Not the end of AI, but the end of poor adoption
In recent weeks, we shared a provocative message across METRICA’s channels: “ChatGPT is dead.”
This is not an announcement of the end of a technology, but a call to attention to a much deeper issue: how many companies are adopting Artificial Intelligence.
AI is already present in the corporate environment. However, in too many organizations its adoption has been fast, fragmented, and poorly governed. The result is not always greater efficiency or innovation, but rather higher risk, rising costs, and limited visibility.
Because the problem is not Artificial Intelligence.
The problem is how it is adopted.
The single‑model myth in corporate AI
One of the most common mistakes in enterprise AI adoption is the belief that one single model can serve every need.
While convenient, this idea is fundamentally flawed.
Today, it is increasingly common to see scenarios such as:
- Teams using different AI tools without coordination
- Strategic decisions based on a single, generic model
- Growing costs that are difficult to justify or measure
- Lack of control, traceability, and long‑term visibility
Every business task has different requirements. Cost, speed, accuracy, privacy, and level of control are not the same across all use cases. Forcing a single model to cover everything leads to rigid and unsustainable solutions.
A fragile decision with long‑term risks
Choosing a single AI tool may seem like a simple decision at first. In reality, it is a fragile one for several reasons:
- Technology evolves faster than any contract
- Rigidity limits innovation and adaptability
- Legal, security, and compliance risks often appear when it is already too late
In today’s environment, where regulation is advancing and AI usage is accelerating, these decisions can seriously compromise organizations.
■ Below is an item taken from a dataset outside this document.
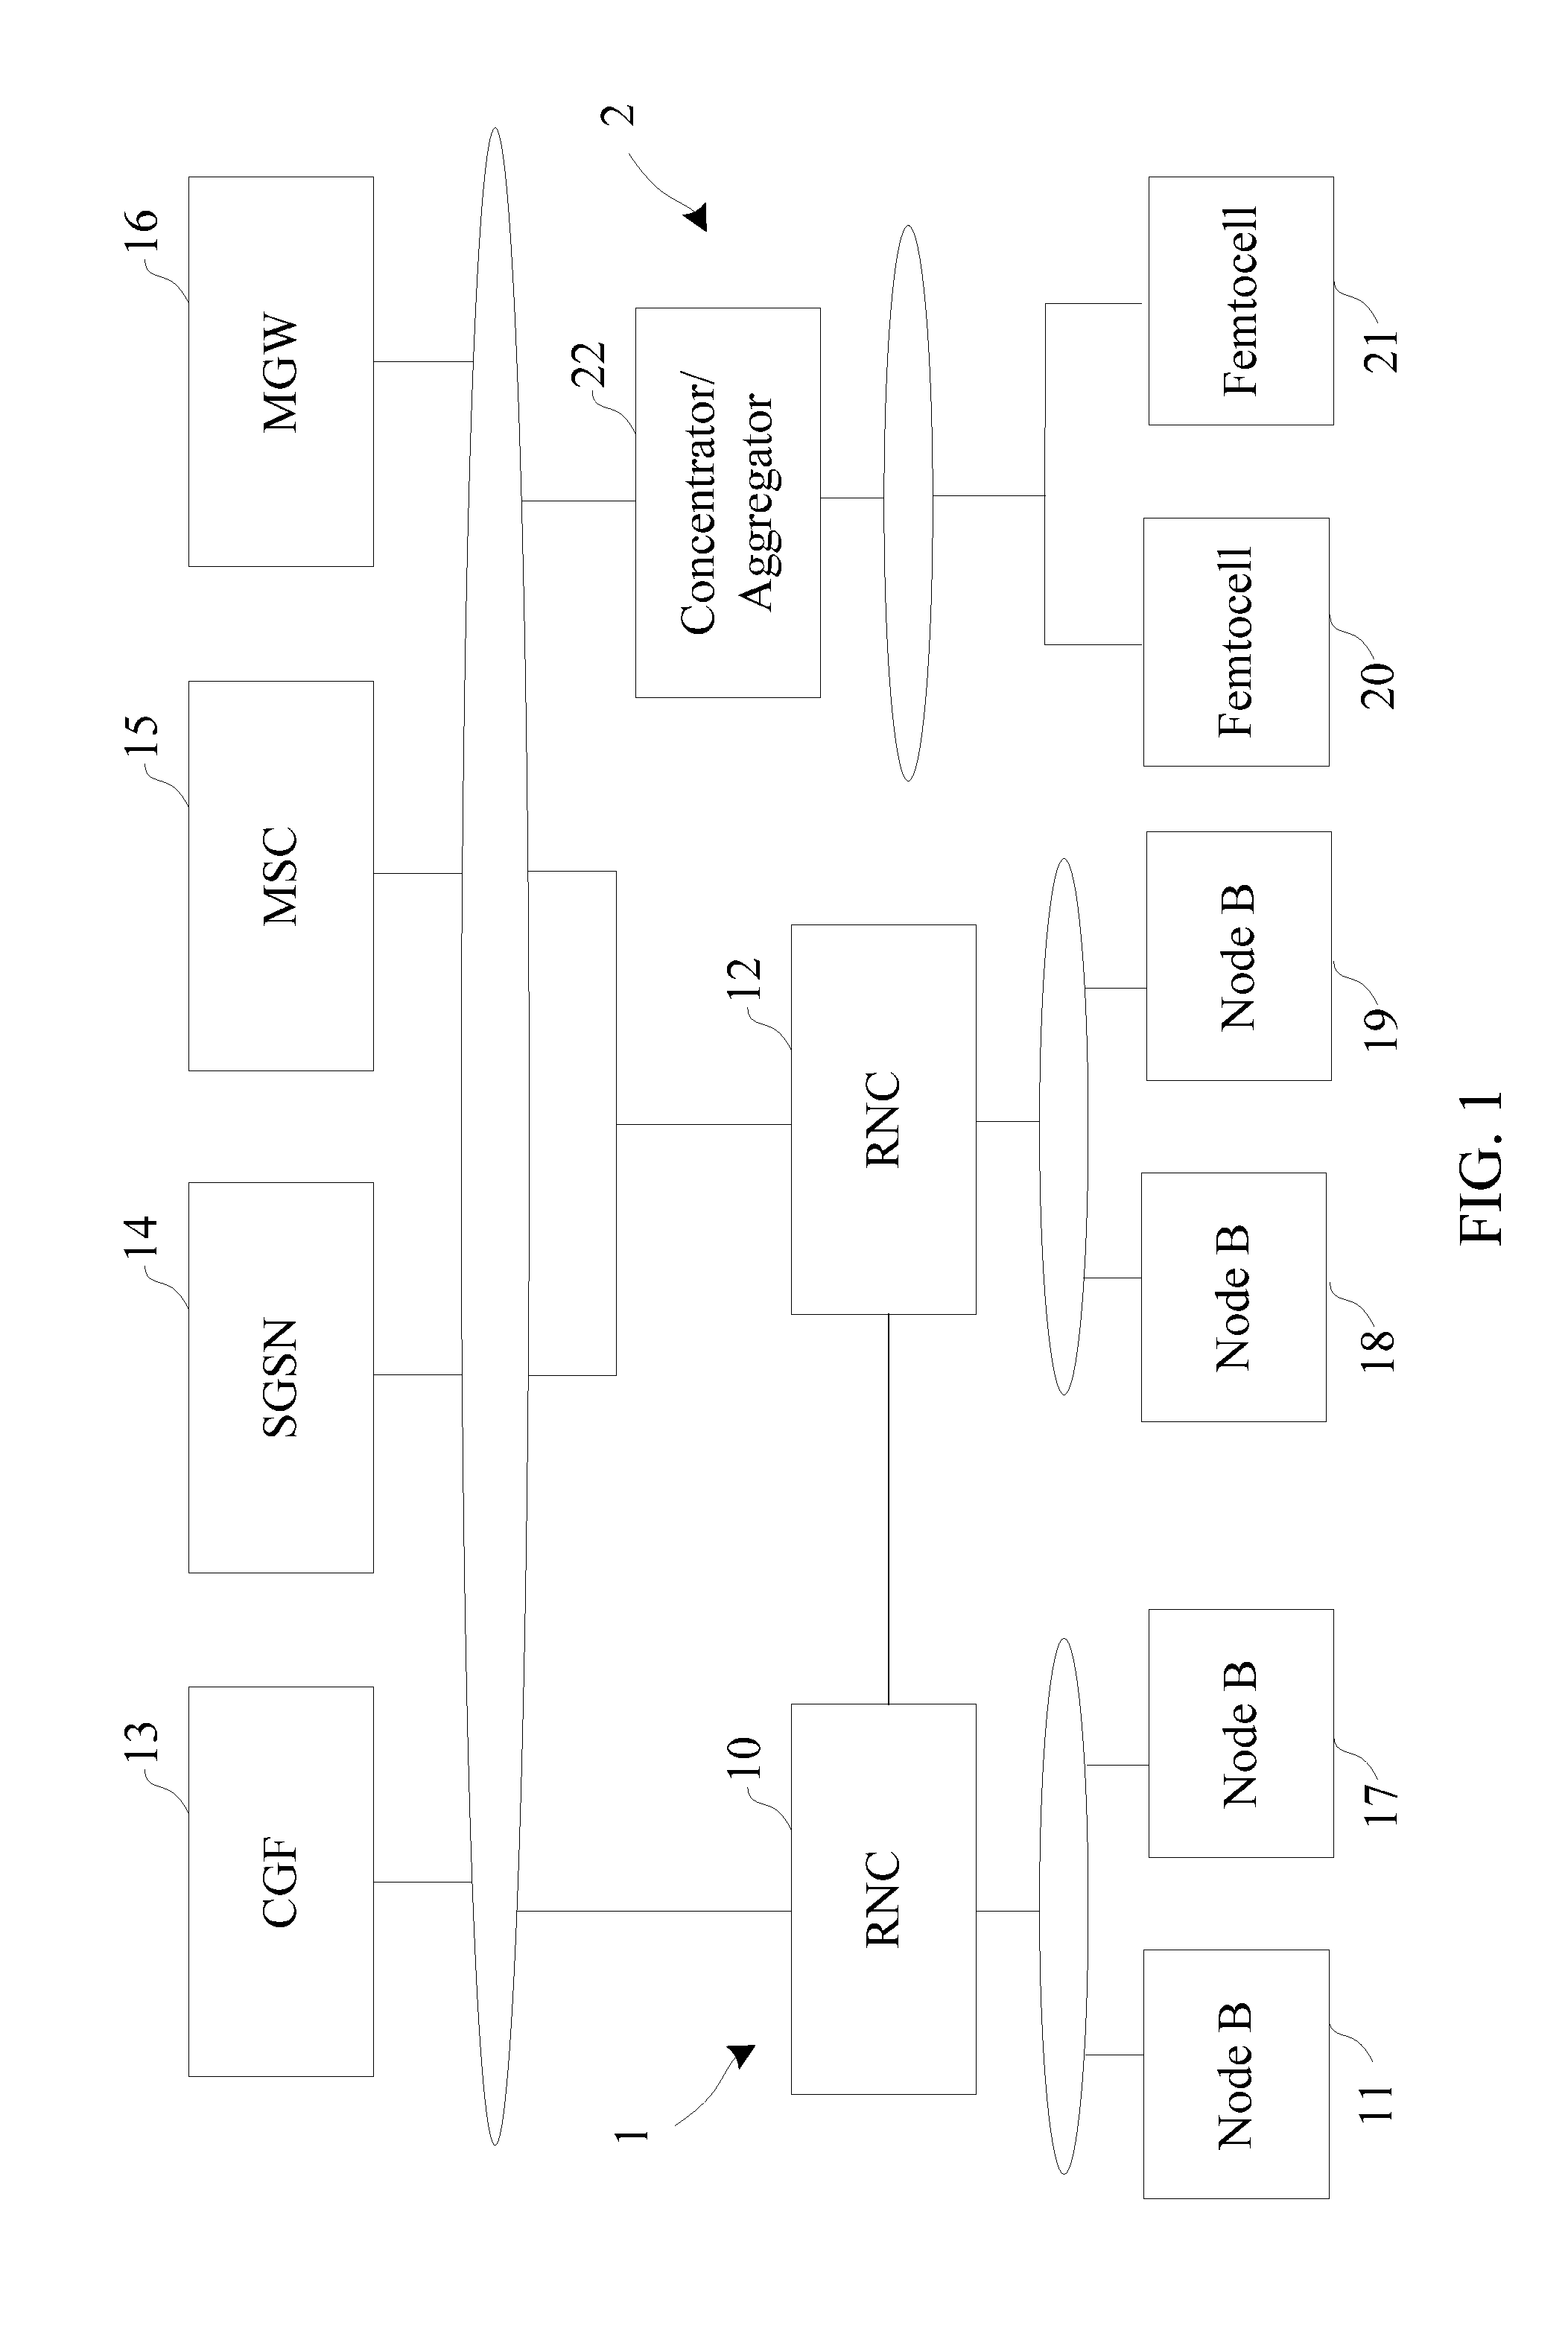 Multi-user, multi-mode baseband signaling methods, timing/frequency synchronization, and receiver architectures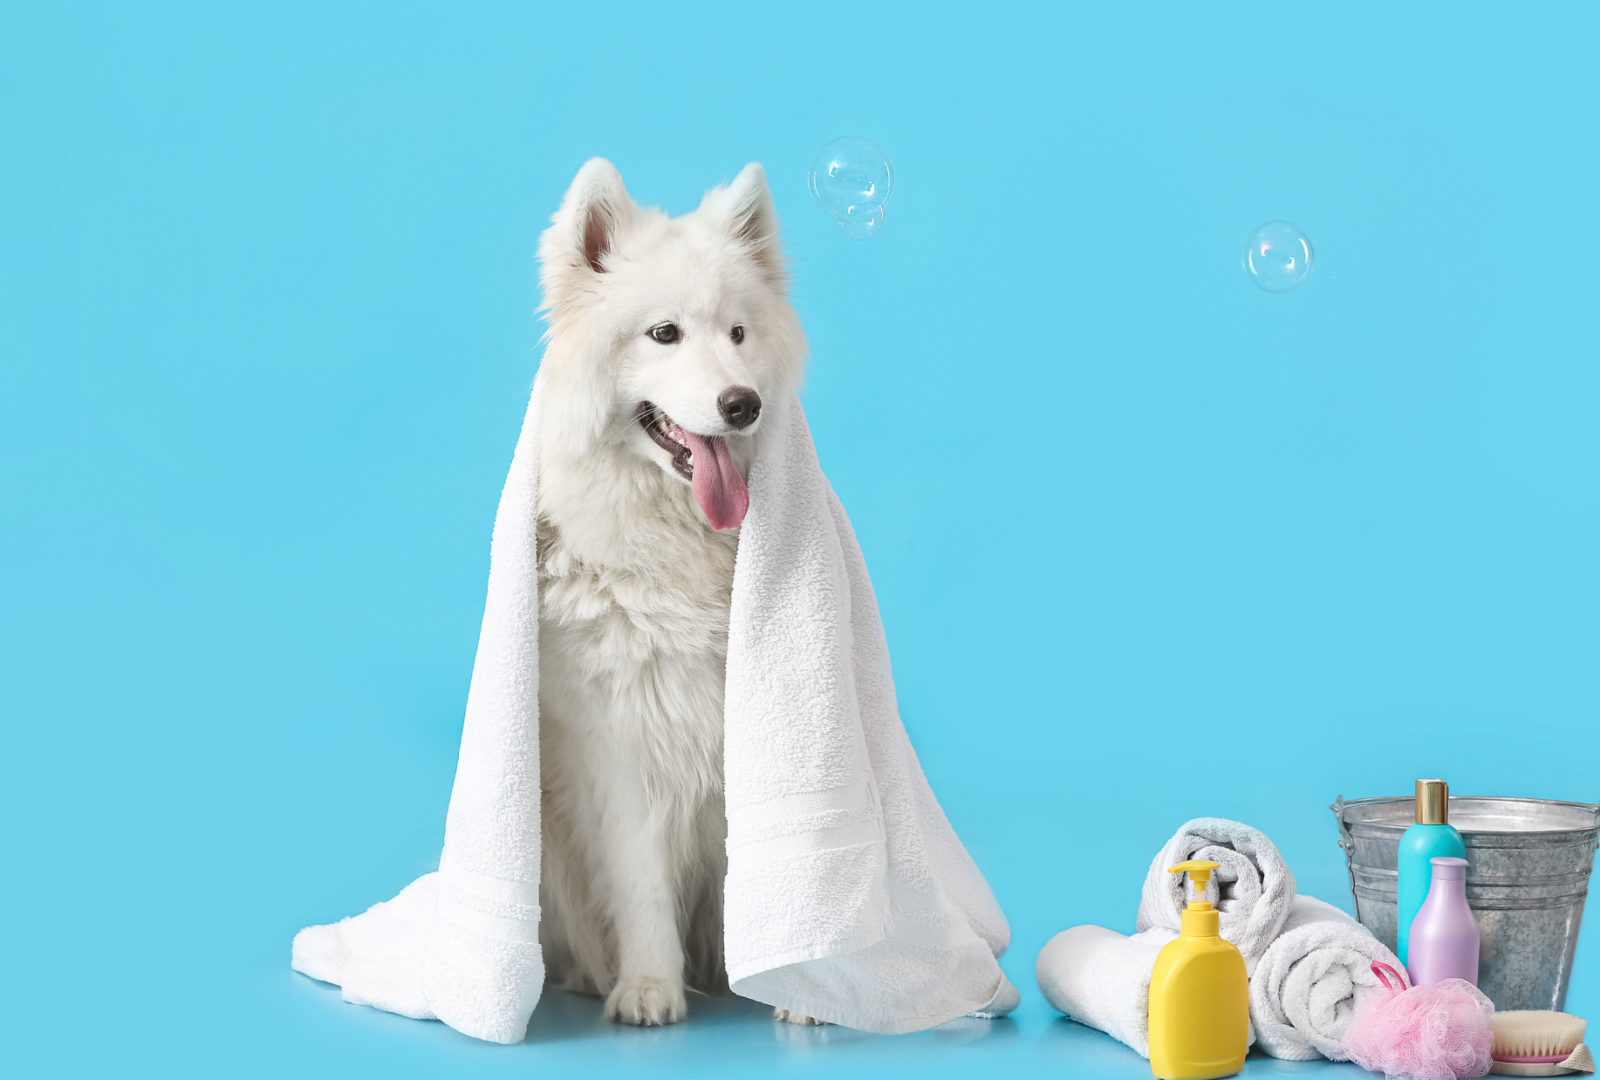 photo of a dog with towel and bathing gear

Adopting AI is not about speed, it’s about doing it right
At METRICA, we believe in a simple principle: innovation is not about adopting faster, but adopting better.
Corporate AI should be designed as a system, not as an isolated tool. This requires:
- Governance and control from the outset
- Data security and privacy
- Traceability of usage and impact
- A long‑term strategic vision
Only then can Artificial Intelligence become a real and sustainable competitive advantage.